Наверное, я в ТЭПе, да и где же мне быть с этой картошкой. Но вот ТЭП приехал сюда или меня в него привезли, не знаю. Не все ли равно. Я чищу картошку, я жив, солнышко светит, руки-ноги целы... Коля! Без ноги он! И бок... выживет ли? Там, на «зисе», он был совсем белый и неподвижный. Один он остался. Без семьи, без дома, без ноги. Грише легче: вернется к отцу на пасеку. Вместе бы им...
Я бросаю последнюю картошку в наполненное ведро и слышу, что ко мне слева кто-то подходит. Скосив глаза, вижу мордастого парня, улыбающегося, должно быть, от избытка сил и здоровья. Он в белом мокром передничке, в распахнутой на груди гимнастерке и с закатанными рукавами, из которых прямо-таки выпирают огромные ручищи с рыжим, золотящимся на солнце пухом. Громко и весело он спрашивает:
— Ну как, паленый, начистил?
Наверно, он с кухни. Тоже фронтовик. Я не отвечаю и не поднимаю головы, продолжаю чистить картошку. У парня хватает ума молча взять полное ведро и молча уйти.

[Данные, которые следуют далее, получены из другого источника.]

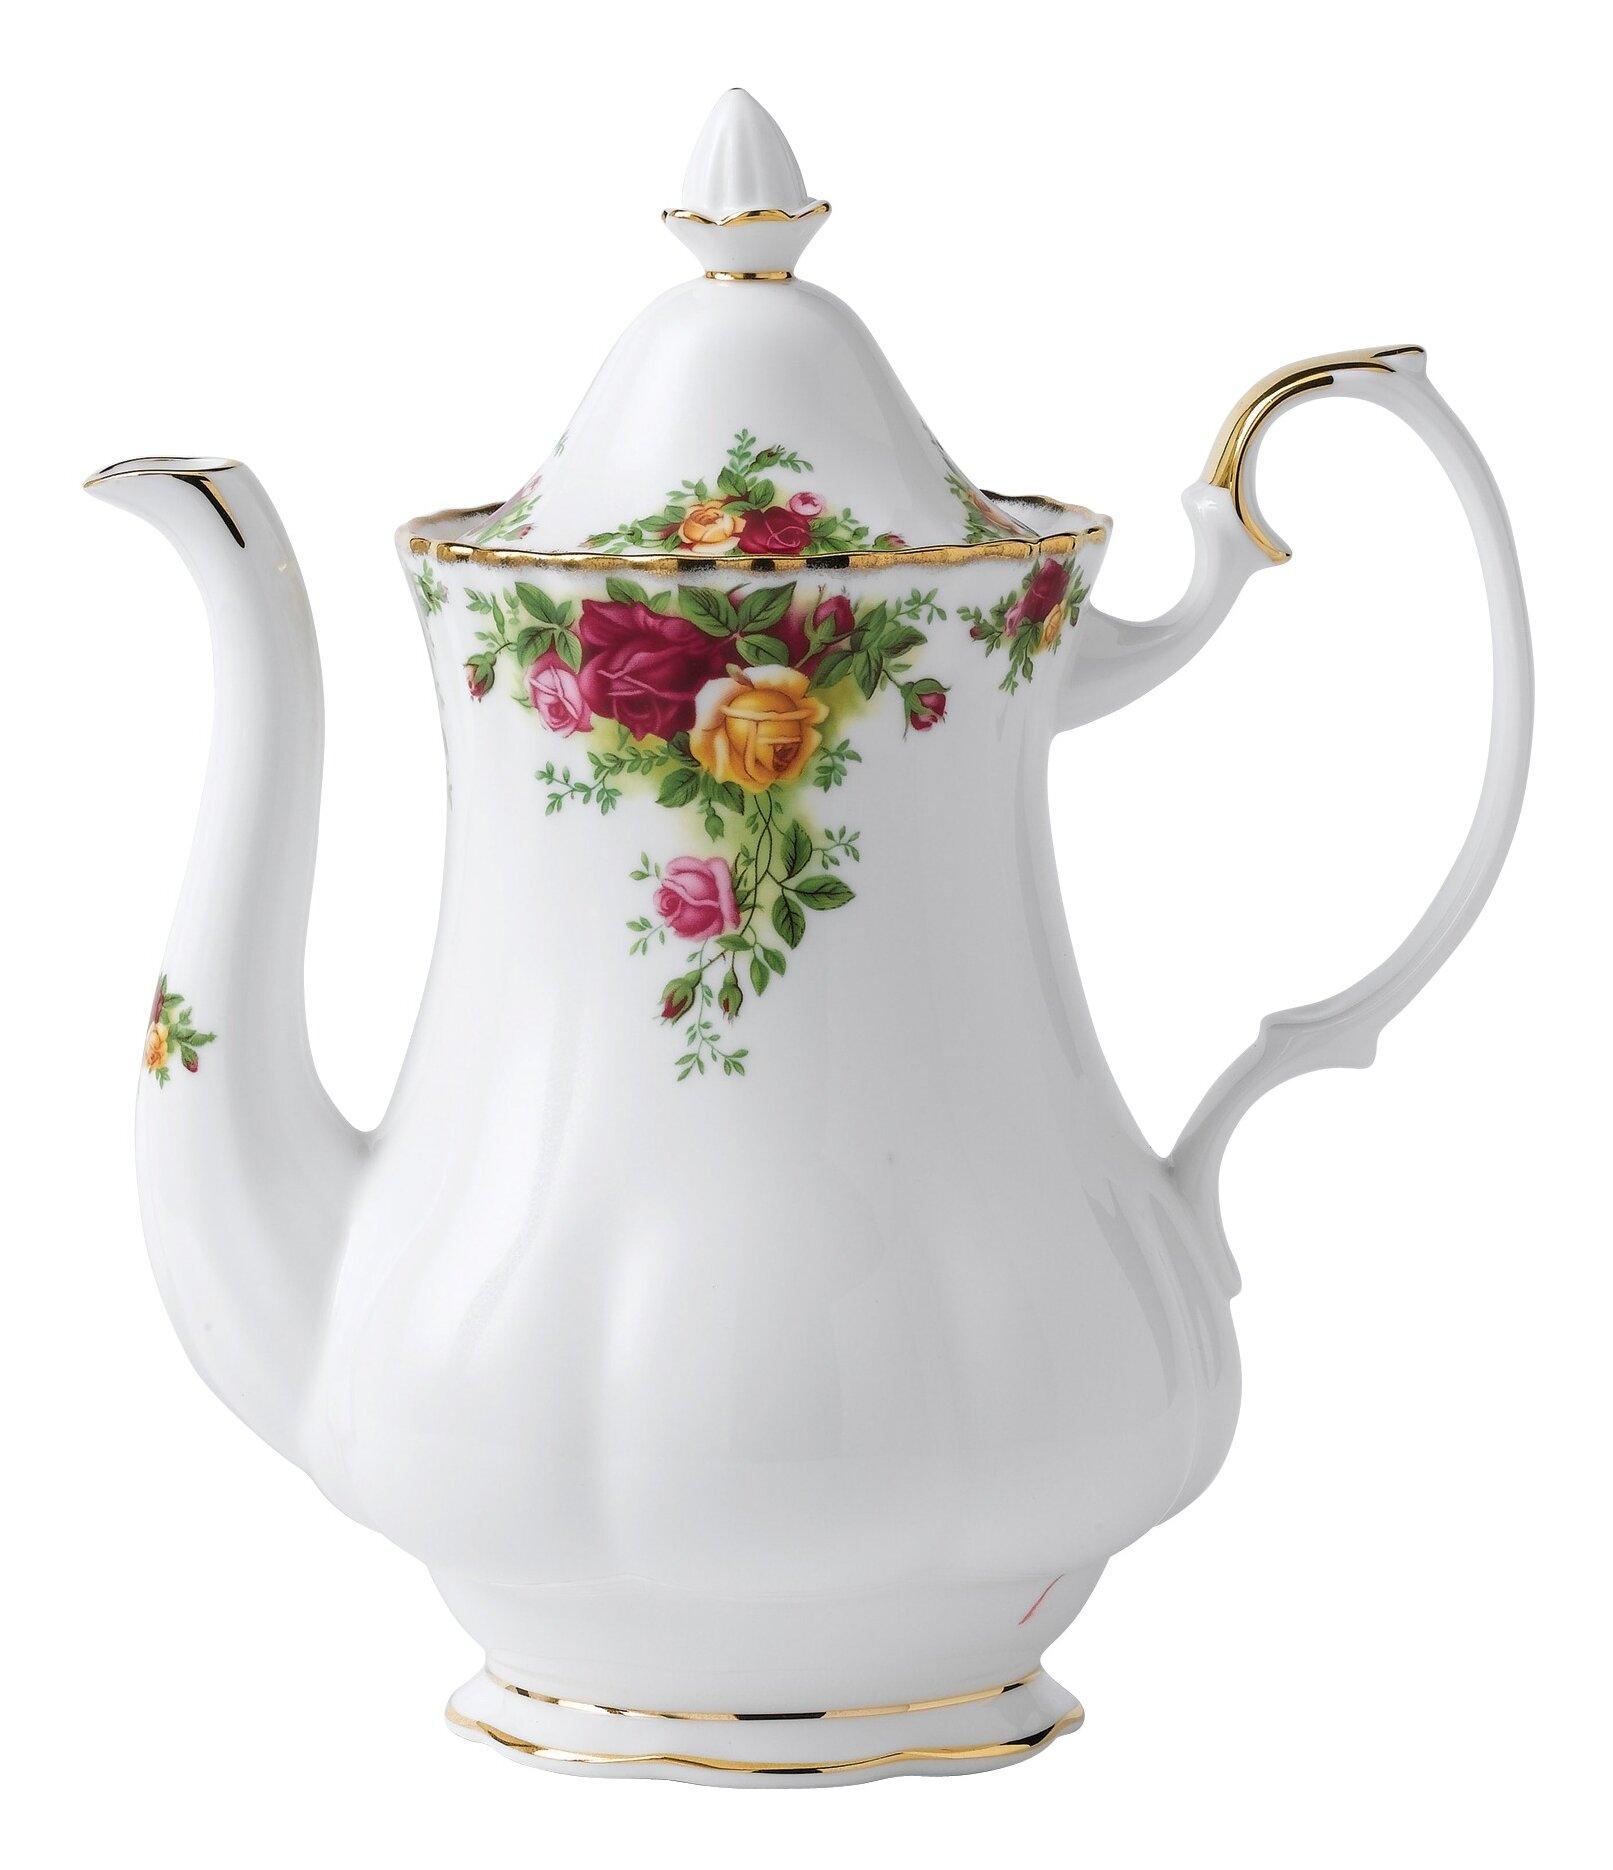 Royal Albert Old Country Roses 5 25 Cup Coffee Pot Server Reviews Wayfair

Успевших выскочить из подбитых машин и оставшихся целыми в нашем полку зовут палеными. Видел я одного действительно паленого: фуфайка и штаны на нем были обгорелые, сам он еще дрожал и не мог от дрожи закурить, дергал головой и все старался что-то сказать, объяснить, но вместо этого лишь икал и мычал.
Я не паленый, я счастливчик. Фуфайка и штаны у меня целые. Там, в подвале, я перематывал портянки и, сняв правый сапог, увидел, что черпачок моей ложки из тяжелого металла, которую я носил за голенищем, вдавлен в обратную сторону и в середине его крепко сидит темно-серый, искристый осколочек величиной с кнопку. Поднял штанину и кальсонину — на кости под коленом маленькая подсохшая ранка, а вокруг густой синяк. Сидевший рядом мужик-пехотинец сказал: «Ты, малец, теперь проверти дырку в этой ложке и носи ее на шее, как крестик, спасла она тебе ногу-то». Я с силой зашвырнул эту ложку с немецким осколком в дальний угол темного подвала и через минуту опять заснул.
Сегодня утром, умываясь, я провел ладонью по шее и... провел еще раз. Под правым ухом на становой жиле торчал и царапался уголком осколочек. Надавил на него — почти не больно, величиной с маленькую горошину, сидит в коже, кончик чуть высовывается, крови нет. Ну и черт с ним, пусть сидит, не в санчасть же с ним идти, засмеют.
Вот и все мои дела. Нет, я не паленый, я счастливчик. И это потому, что в тот миг мы с Венькой стояли в углу, за снарядной укладкой. И все осколки из моторного отделения прошли мимо, лишь Венькина правая рука, которой он держался за маховичок наводки, попала под осколки, да один ткнулся в мою ложку. А в шею мне осколочек ударил случайно, рикошетом от задней брони. Грише задело бок. А Коля?.. Болванка прошла через броню в тридцати сантиметрах от его правого колена. Скорее всего, струей огня ему и отсекло так ровно ногу.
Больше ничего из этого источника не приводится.